Modrons, Slaad, Fiends, Celestials, and everything else, get played as mindless drones that attack your (probably 'Chaotic Neutral') party on sight and fight to the death. Occasionally they proclaim whichever planar bigshot they serve in a snarly monster voice (or robot voice, or angel voice, you get the idea.)
What a waste!
I think the reason that Devils/Baatezu and Demons/Tanar'ri work is that they've got an alien mindset.
Baatezu only respect Writ and Wit, so to speak - sure, you're mighty, but do you have any legal authority? Everything is based on how the current situation relates to The Law, and how far those rules can be bent and broken. Even defecting Baatezu consider things in relation to systems - Baateu don't age, and most of them are many thousands of years old. Defectors have been having Asmodean propaganda drilled into their heads for millenia. Pretty hard to escape that.
Tanar'ri respect only power - or the illusion thereof. Theirs is a 'society' which utterly lacks the bonds of love, mercy, identity, currency, law - fuck, the Abyss doesn't even have a flag! Ironically, I tend to find that the ordered Baatezu make more sense as individuals that work together, whereas the chaotic Tanar'ri make me think more as, while creatures in their own right, parts of the greater Abyssal consciousness. All Planes have a sense of aliveness to them, but the Abyss is the most 'awake', so to speak.
These mindsets work because they are divorced from the human mindset - which could probably be defined as being equal parts fear, greed and love, to make a truly staggering generalisation.
The alien mindsets really put the Out in Outsider.
This is also why, on the whole, the Yugoloths don't work. What do they want? Good question! It's entirely hazy, and has been, since it was decided that there needed to be 'Neutral Evil' fiends, for the purpose of grid filling.
Do the Yugoloths want wealth? They seem to, yes, but that's not exactly alien. Humans do evil for money all the time. It ends up making the Yugoloths seem like people, which isn't the idea at all.
'Nobody knows' is not a helpful answer for DMs - to translate that, 'the designers couldn't think of anything.' This contributes precisely dick to anything.

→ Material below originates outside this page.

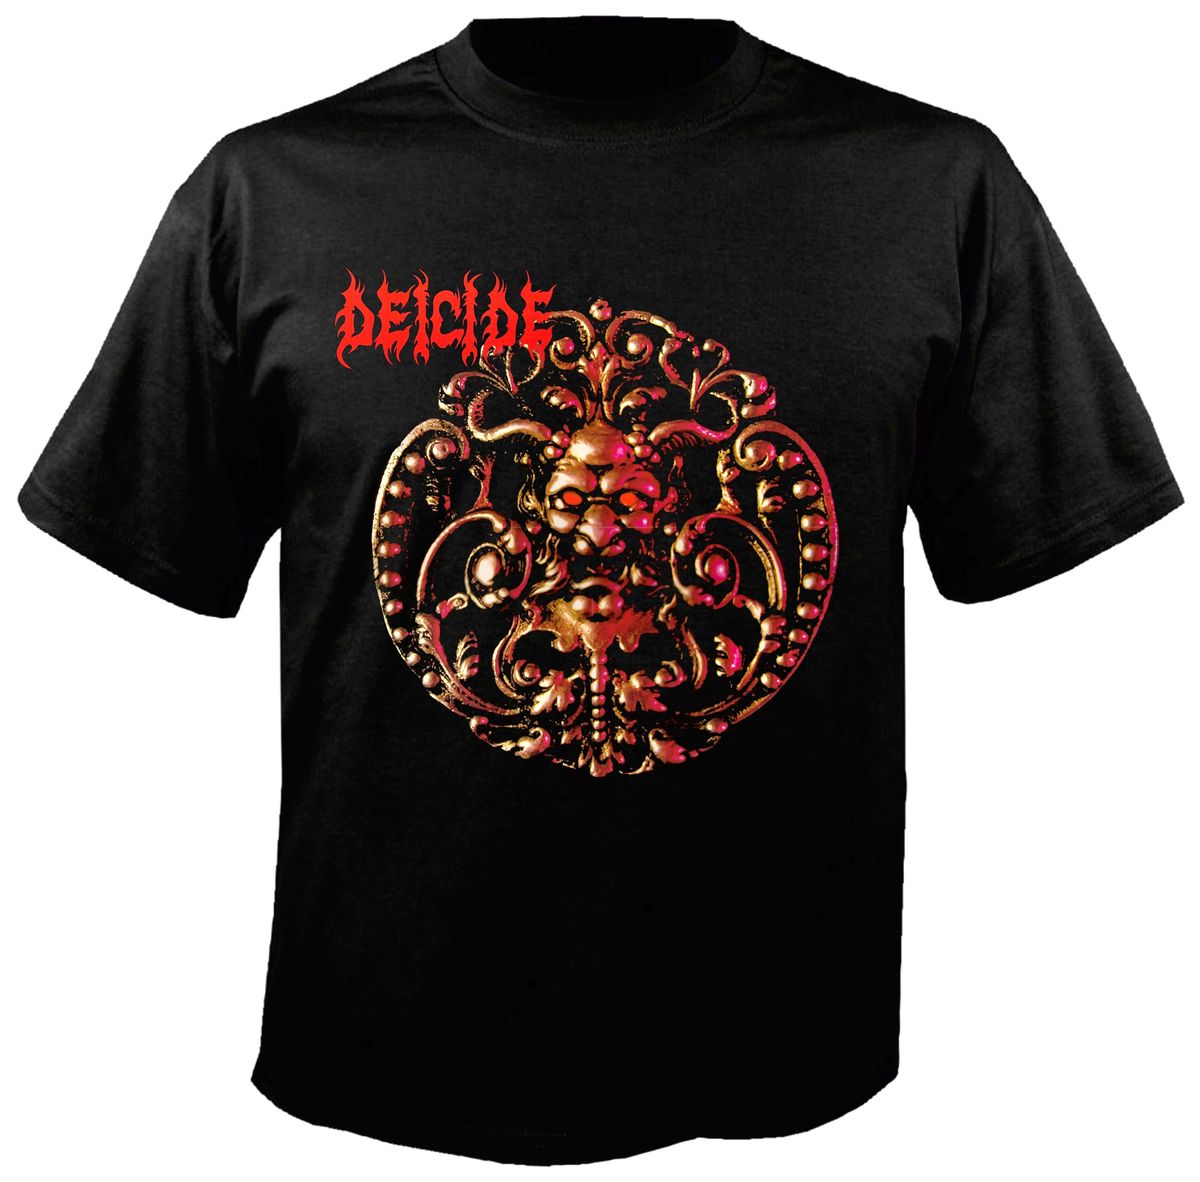 Deicide Band T-Shirt â Metal & Rock T-shirts and Accessories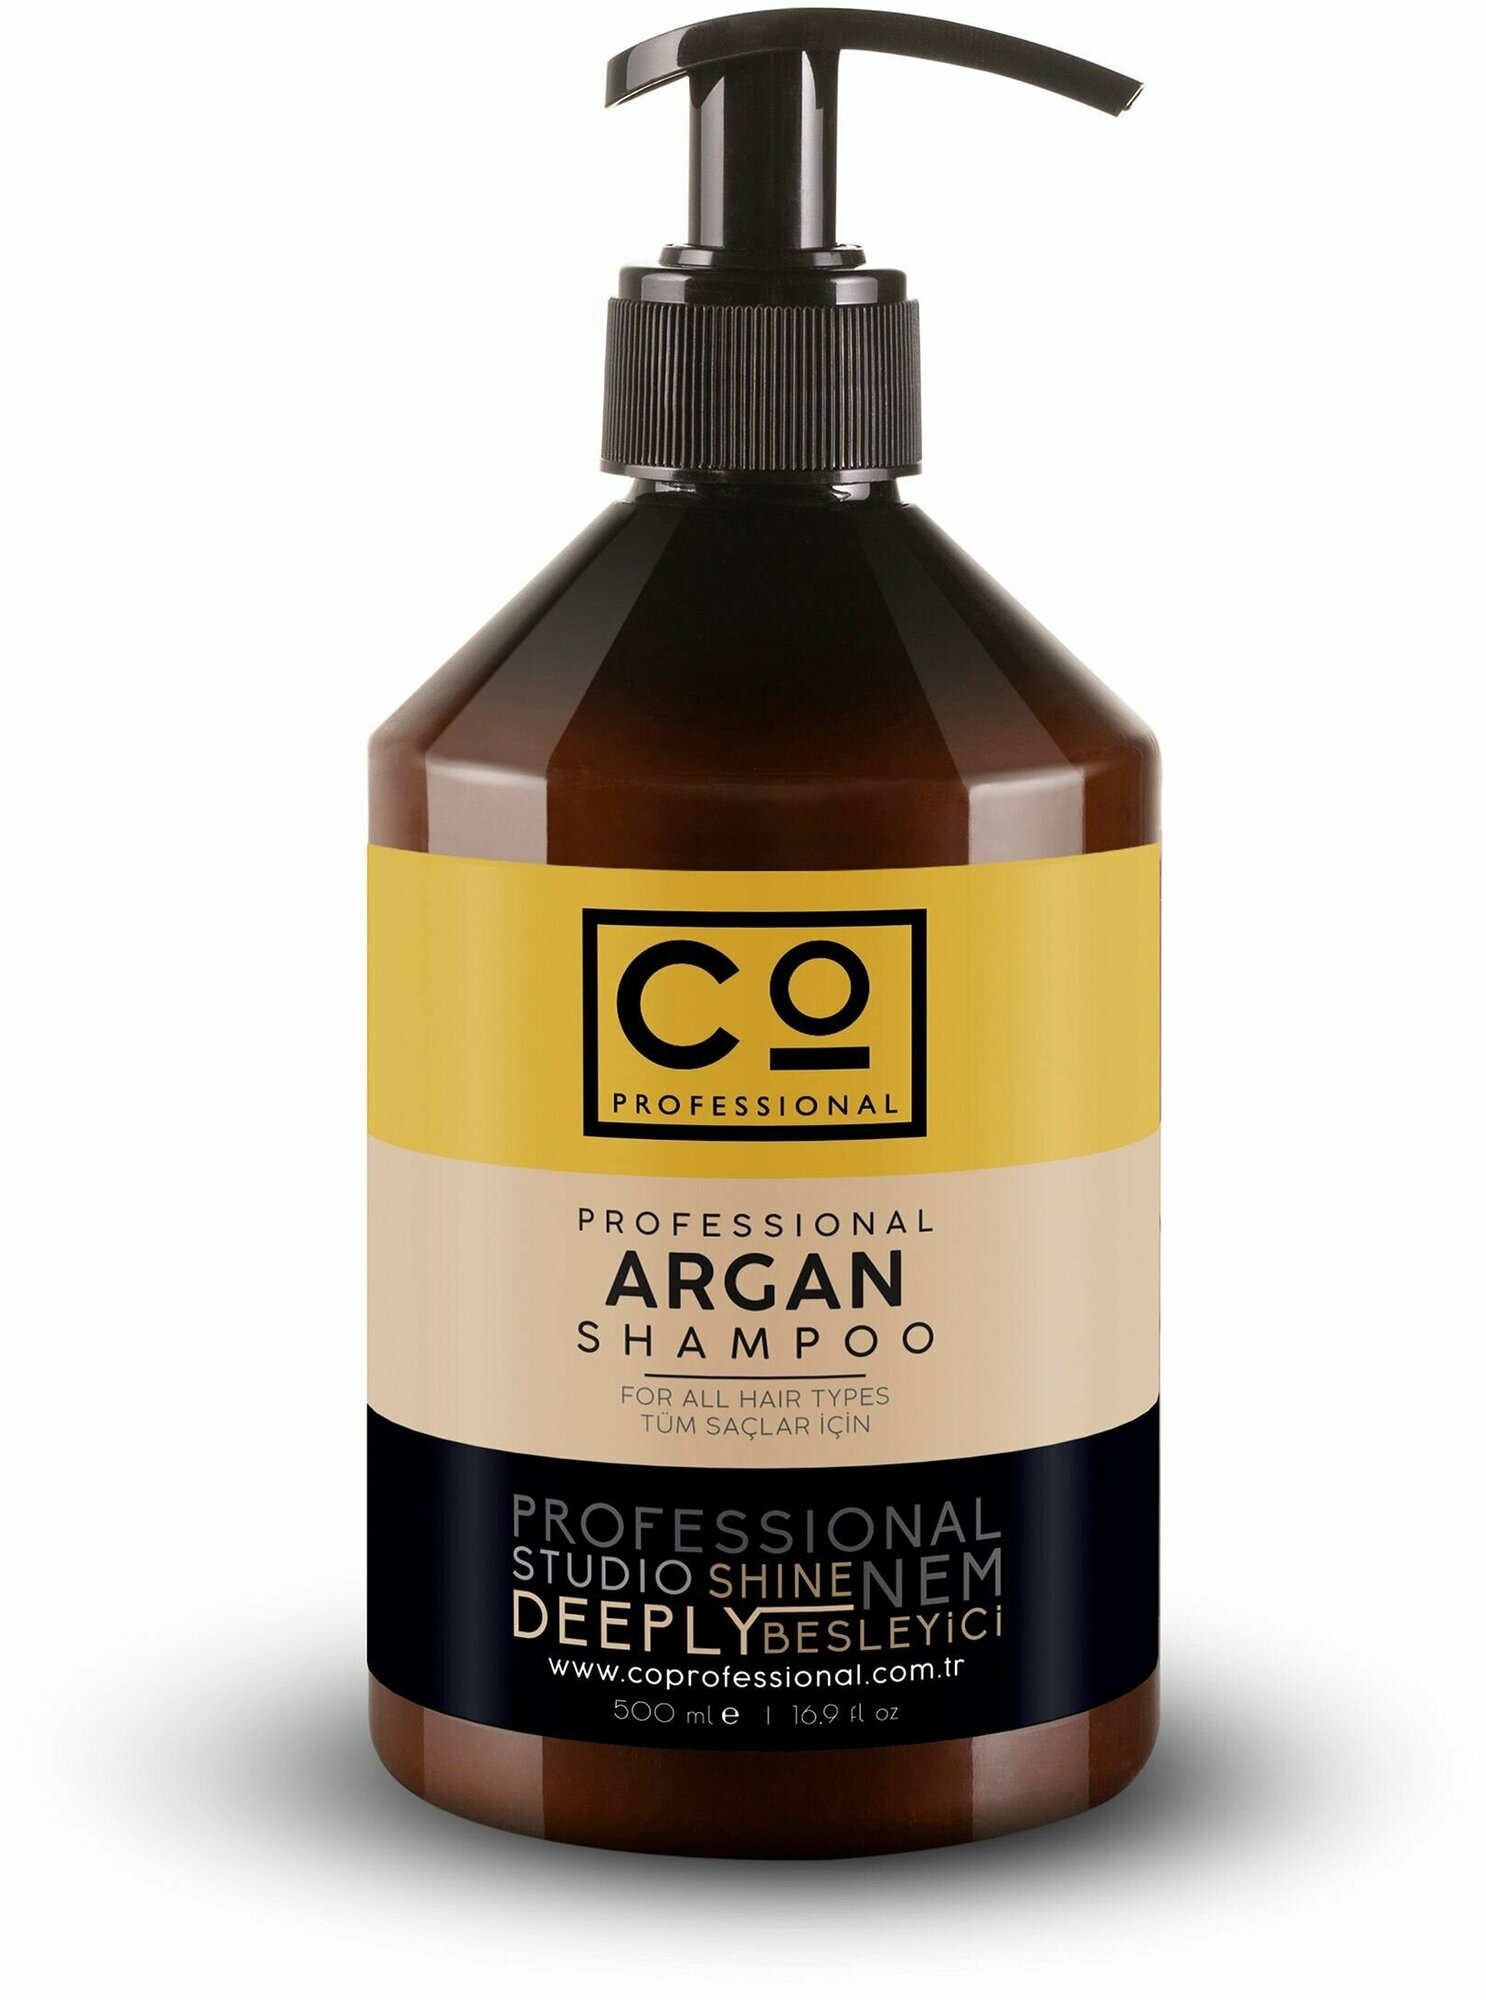 Шампунь с аргановым маслом CO PROFESSIONAL Argan Shampoo, 500 мл

In my own Planescape games, I usually fall back on the idea that Yugolothic culture encourages the Mercenary Fiends to be just that - disloyal and utterly, all-consumingly narcissistic. Selflessness is completely alien to the Yugoloths. Everything is adjudicated in how it relates to the Yugoloths' own personal gain, down to the inanimate.
To summarise
If you create a weird, magical monster with entirely human goals, it may as well be a human with weird, magical powers. Make alien creatures think in alien ways. It makes them more interesting.